We turned from a period in which all the forces operating on the economy were lined up to produce exceptionally favorable performance to a period when the economy must adjust to some of the imbalances that built up in the earlier period. Our job as monetary policymakers is to try to ensure that the adjustment is not too jarring. But there has been pain. Many investors are understandably unhappy at their loss of wealth. So much of what had been accumulated in a few years has quickly disappeared, almost as mysteriously. In addition, many firms have gone bankrupt and others will, especially some of the riskier ventures in the technology sector. But these patterns seem to have historical precedent in the corrections of both equity values and investment that follow, after a lag, the transition to a period of higher productivity growth.

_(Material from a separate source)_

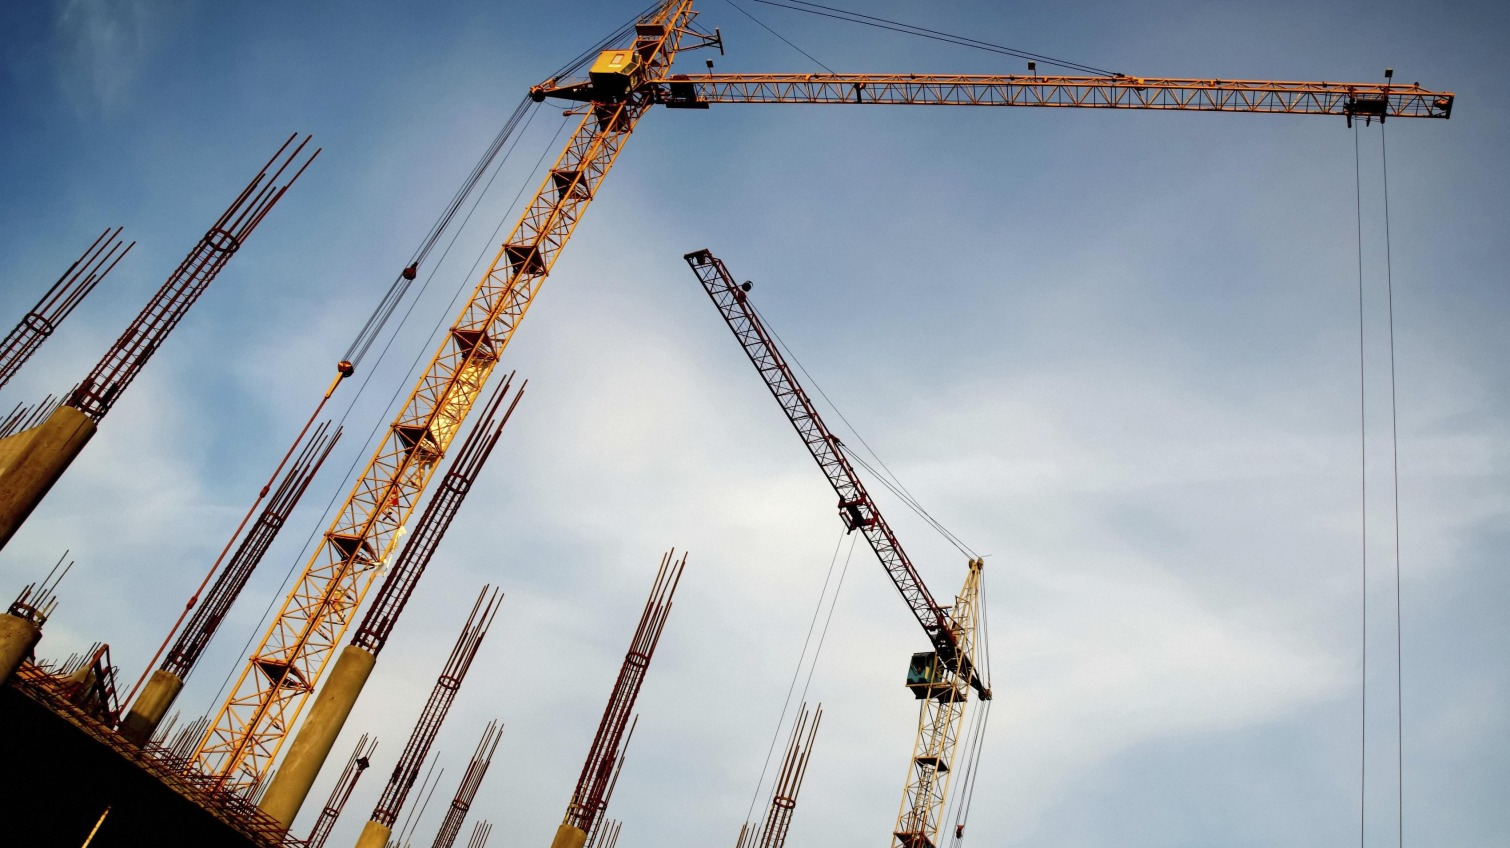 Одесская мэрия способствует незаконному захвату жилья вкладчиков долгостроя «Золотой берег» «фото»

Some might expect that new-economy developments would make recessions less likely. That is not an entirely unreasonable presumption. The experience among faster-growing European economies in the earlier postwar period was that these economies tended to have fewer quarters of declining output-the sine qua non of a recession as defined in the US-than was the case in the slower growing United States. Now that the US had become a higher growth economy (again), it might be that cyclical episodes would be more likely to be growth recessions and less likely to be outright recessions. However, in the US in the 1950s and 1960s-when average growth rates were about as high as today-the chance of negative-growth quarters was about equal to the chance in the 1970s and 1980s, when average growth was only half as large.

In addition, to the extent that the high-tech revolution increased the ability of firms to recognize and respond to changes in demand and quickly remedy unwanted inventory accumulation, the response of output to demand shocks might be less persistent. On the other hand, it appears that the high-tech revolution didn't help firms or other forecasters anticipate changes in demand.
There is no guarantee that a higher growth economy is less vulnerable to recessions. Indeed, I believe that the new-economy developments that have raised sustainable growth might also, at least initially, have made economic performance more volatile.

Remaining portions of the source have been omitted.